START Exercise data

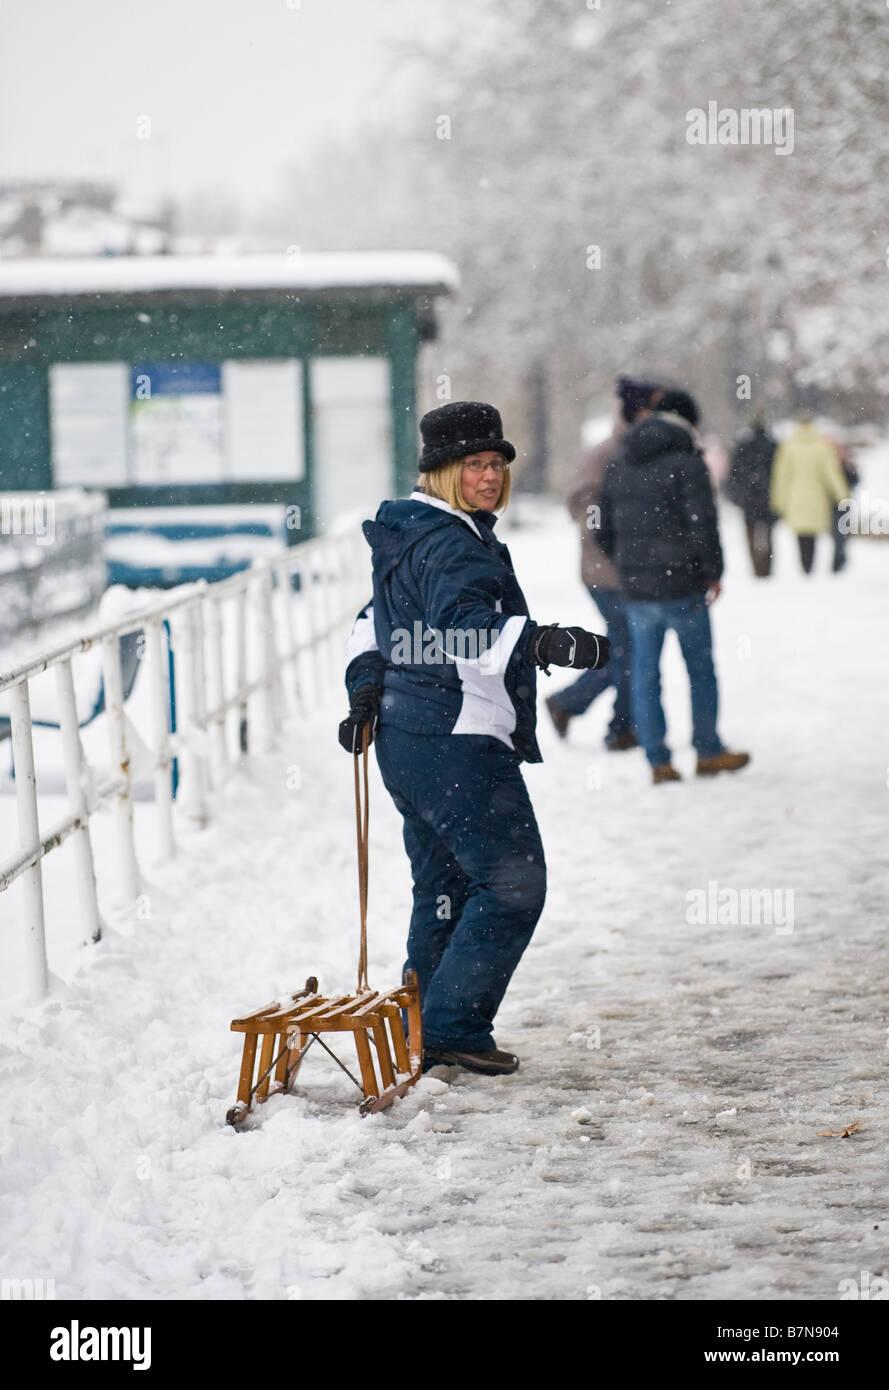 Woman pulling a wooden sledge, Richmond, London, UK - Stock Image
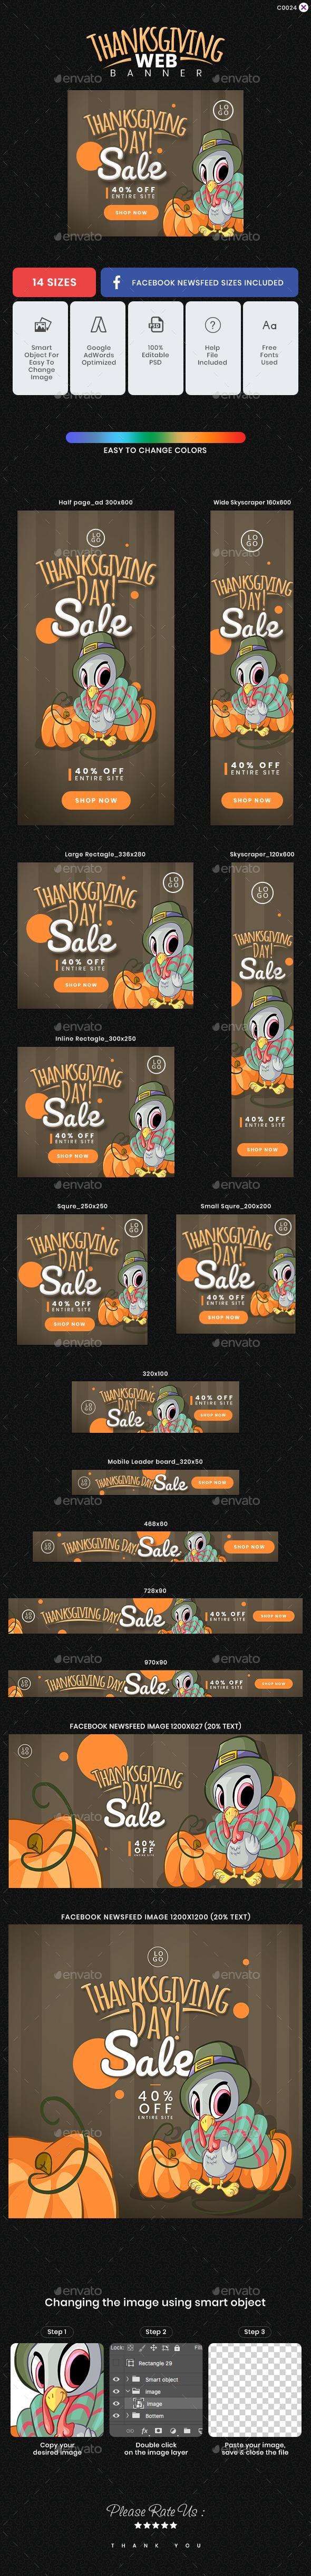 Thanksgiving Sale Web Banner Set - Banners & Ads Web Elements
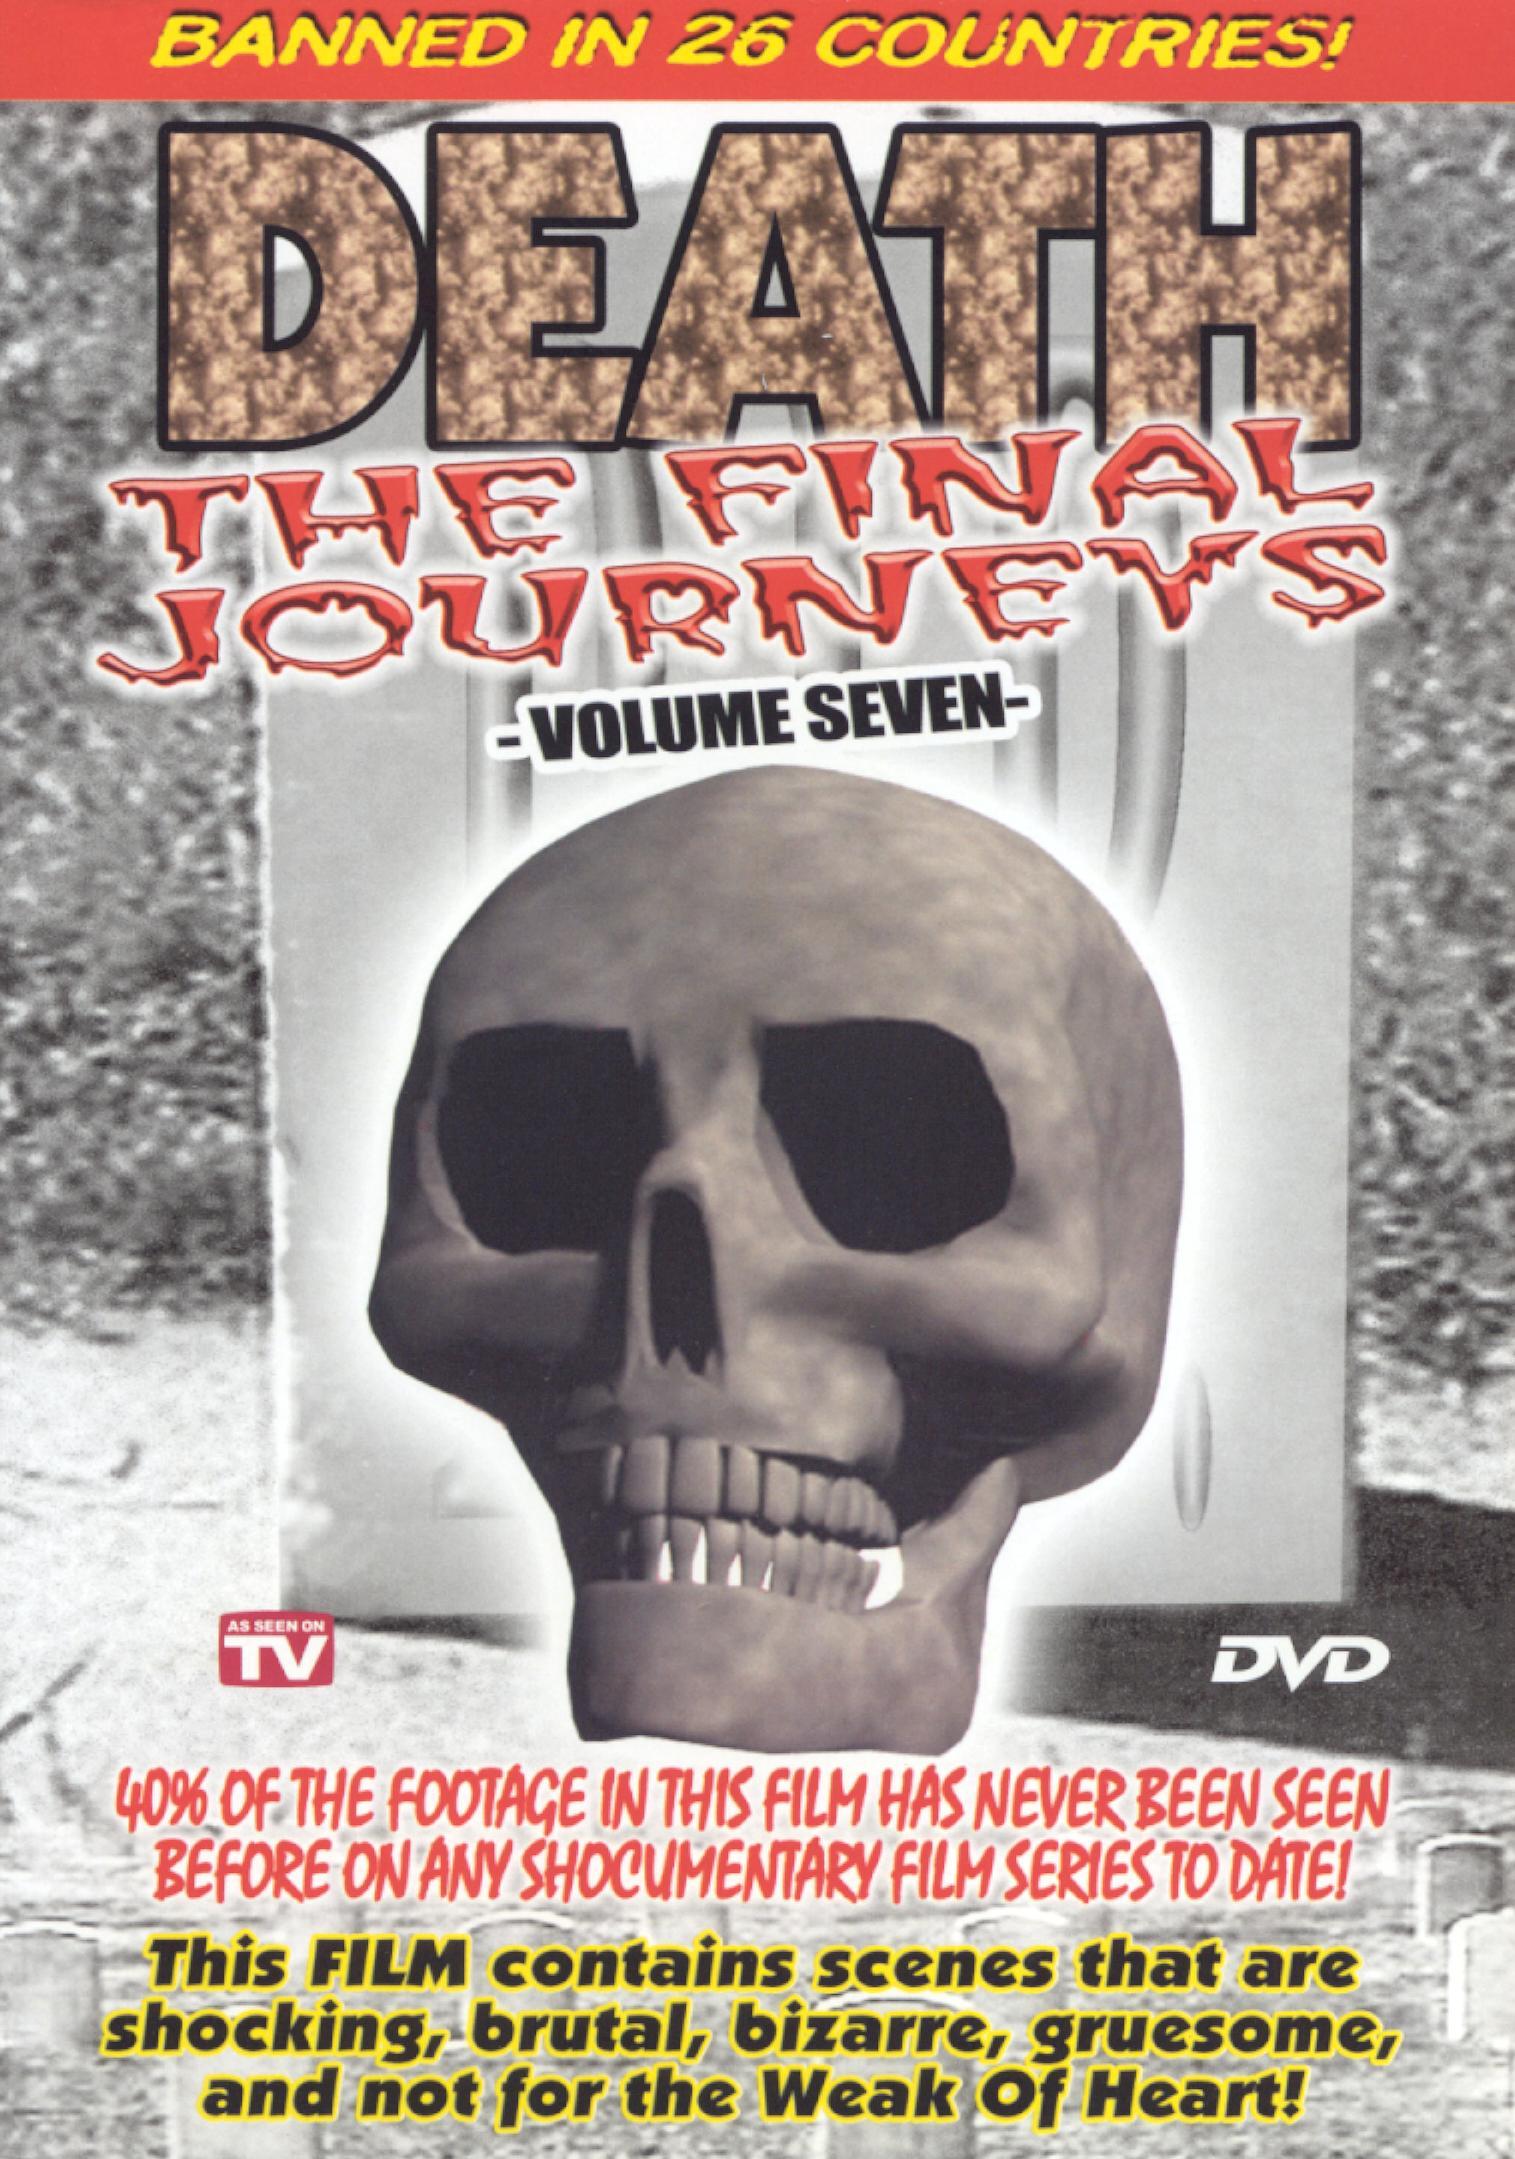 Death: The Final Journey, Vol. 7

END Exercise data

• [Task details]:
Go through the listing above and write it out again exactly, dropping the pictures.

• [Expected answer]:
 Woman pulling a wooden sledge, Richmond, London, UK - Stock Image
 Thanksgiving Sale Web Banner Set - Banners & Ads Web Elements
 Death: The Final Journey, Vol. 7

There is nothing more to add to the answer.